Je m’interroge, dans cet article, sur ma propre expérience de recherche et sur les dispositifs qui favorisent la mise en scène du divers, notamment la partie sensible de l’expérience et sa dimension relationnelle.

Pour ce faire, il me semble essentiel de réfléchir aux dispositifs de recherche eux-mêmes, puisqu’avant de décrire et traduire des mondes, il faut les appréhender et les comprendre. Je ne propose ici aucun cadre normatif; j’expose certains choix qui sont les miens et tente d’en dégager les enjeux.

Posture de recherche

Formée en science politique, j’enseigne dans un département d’histoire de l’art à l’Université du Québec à Montréal. Mes recherches sont profondément interdisciplinaires.
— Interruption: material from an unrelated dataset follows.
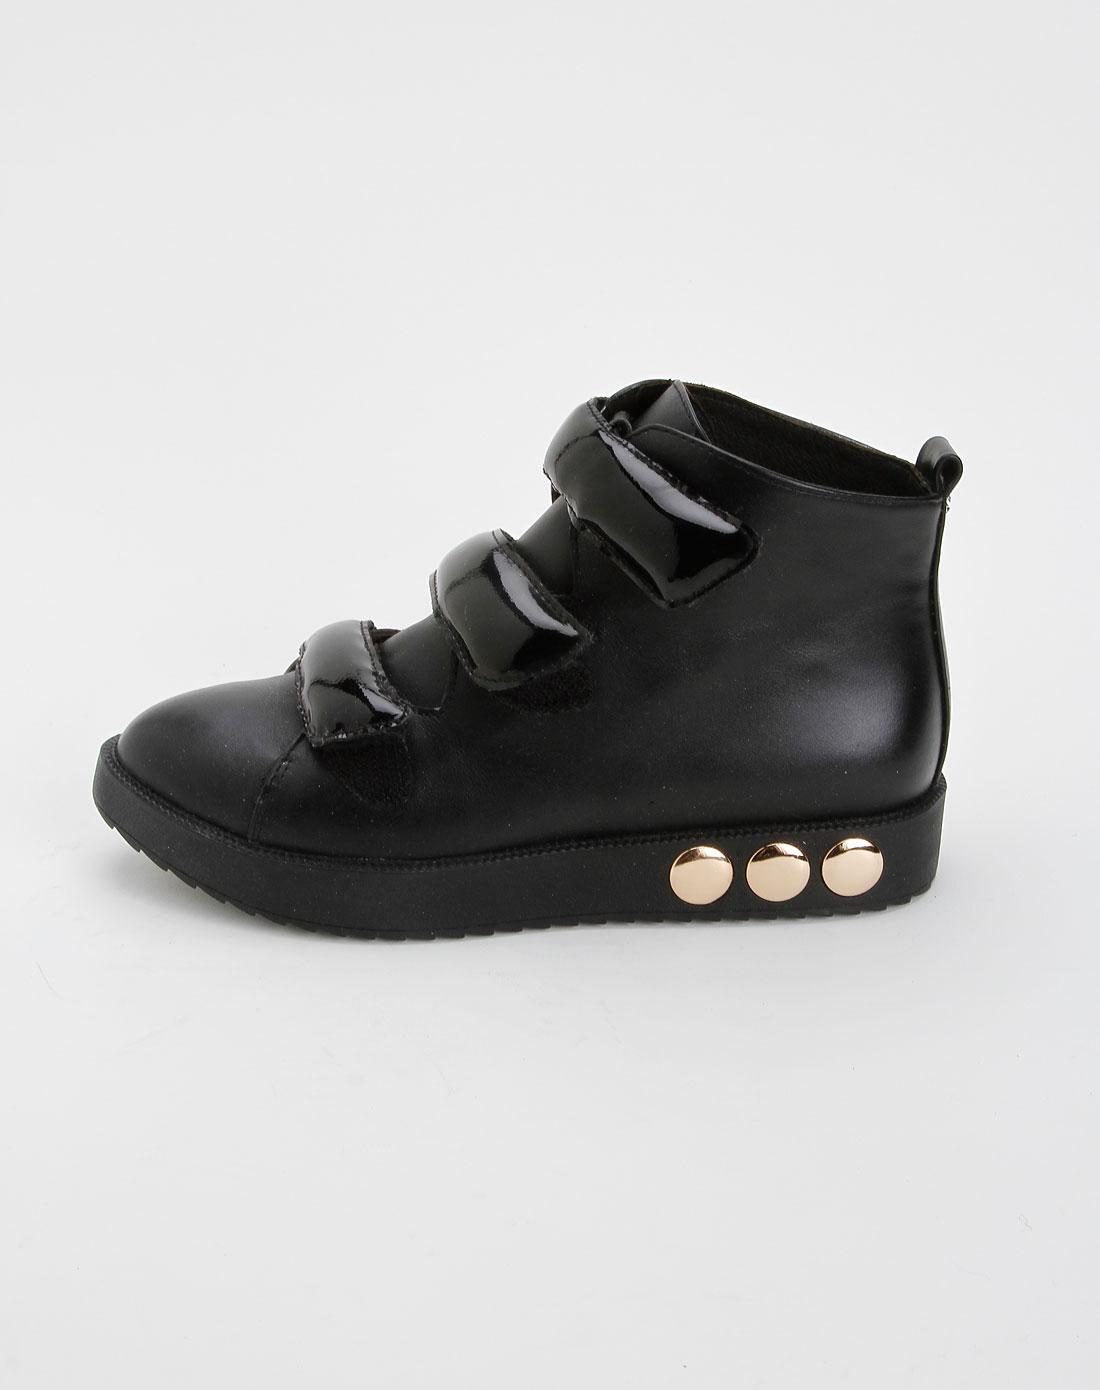 魔术贴休闲鞋tf117-1nk
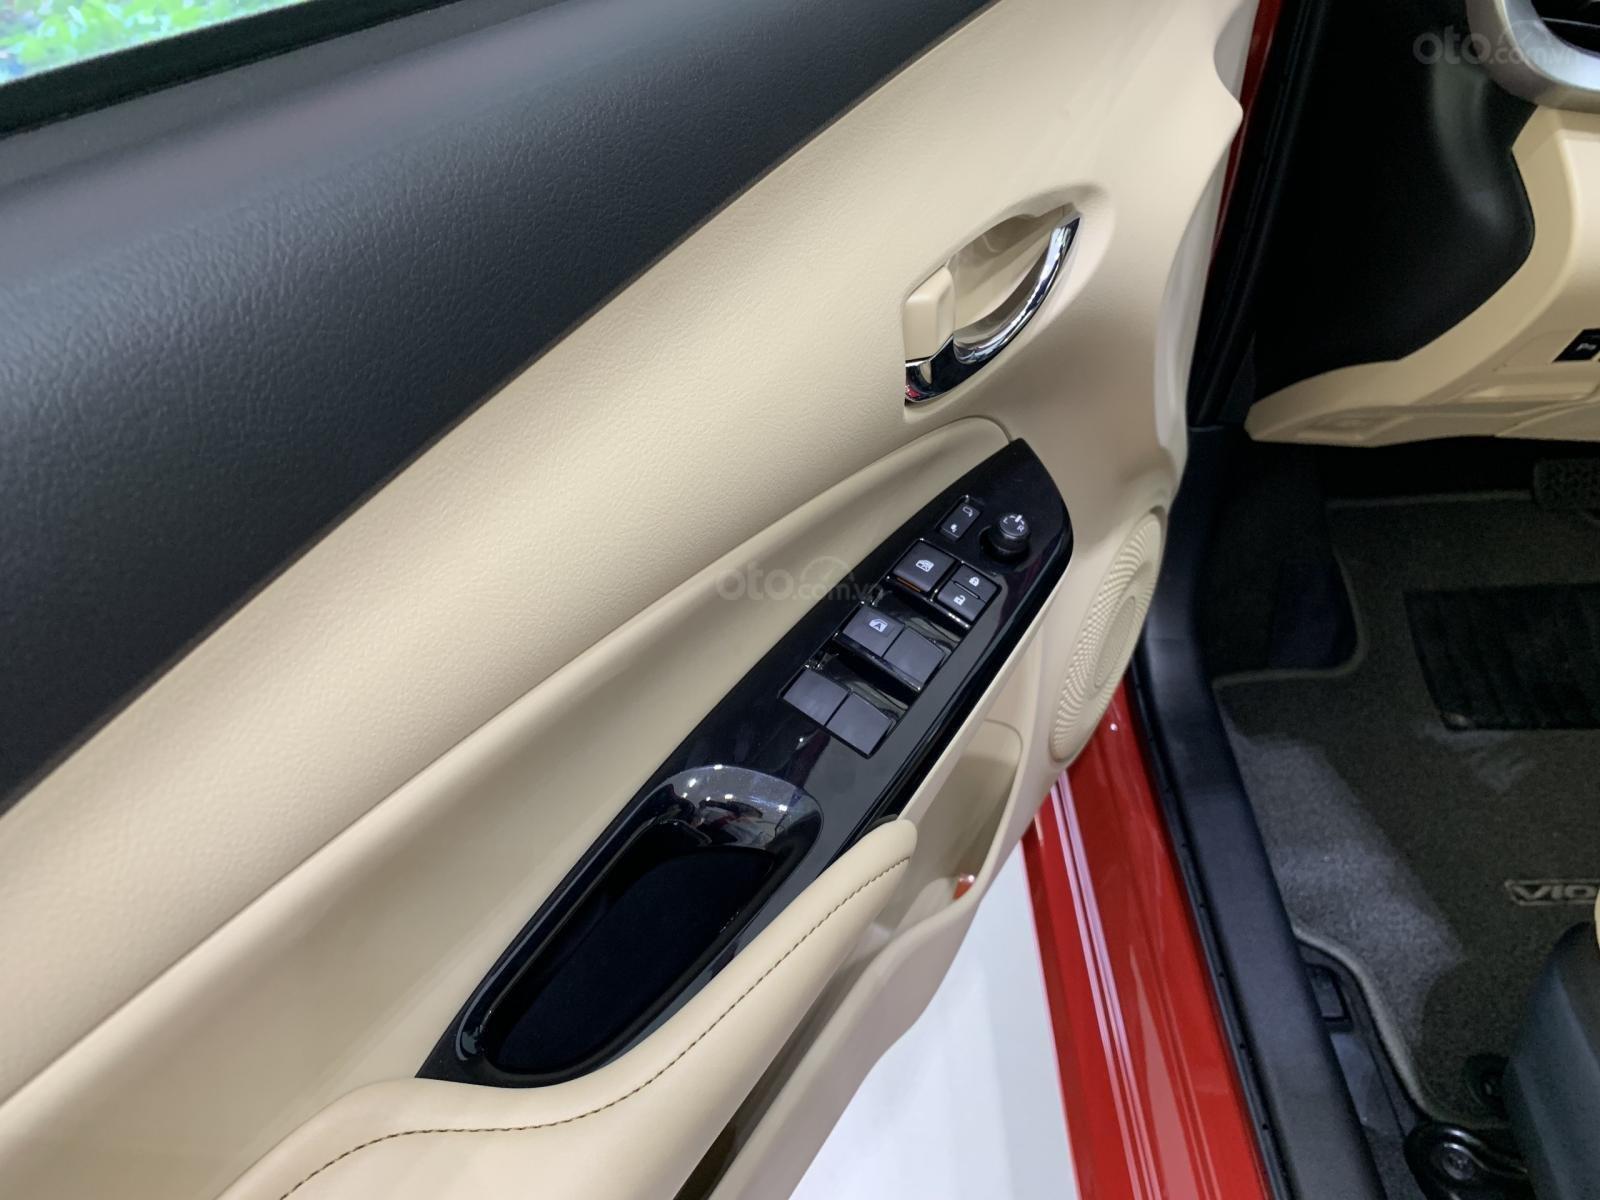 Bán Toyota Yaris 1.5G CVT 2019, màu đỏ, nhập khẩu Thái, 620 triệu - LH: 0943.134.210 (8)

Soucieuse de contribuer à développer un savoir qui s’ancre dans la réalité des gens et qui a une incidence sur eux, je mène une forme qualitative de recherche —parfois partenariale, parfois action— qui prend au sérieux le discours des artistes, des participant.es dans les créations collectives et des publics. J’envisage également les œuvres comme des acteurs qui agissent dans et sur la société, et comme des objets heuristiques de savoir.

Spécialisée dans l’art engagé, la question phare qui traverse mes travaux est comment l’agir des artistes et leurs créations contribuent ou non à modifier les choses à des niveaux micro, méso et macro. Pour ce faire, j’envisage l’art dans sa double composante: refléter une certaine réalité et contribuer à la transformer. Les œuvres, s’insérant dans une époque et un contexte donné, sont influencées par les modes de perception, les représentations, ainsi que les conceptions de l’art et du monde. Elles contribuent à rendre ces dernières visibles, mais aussi à influer sur la perception des personnes qui les côtoient. Or cette incidence sur les perceptions modifie le regard des gens sur l’art lui-même, mais aussi sur les réalités constituantes des œuvres (Péquignot: 279-280).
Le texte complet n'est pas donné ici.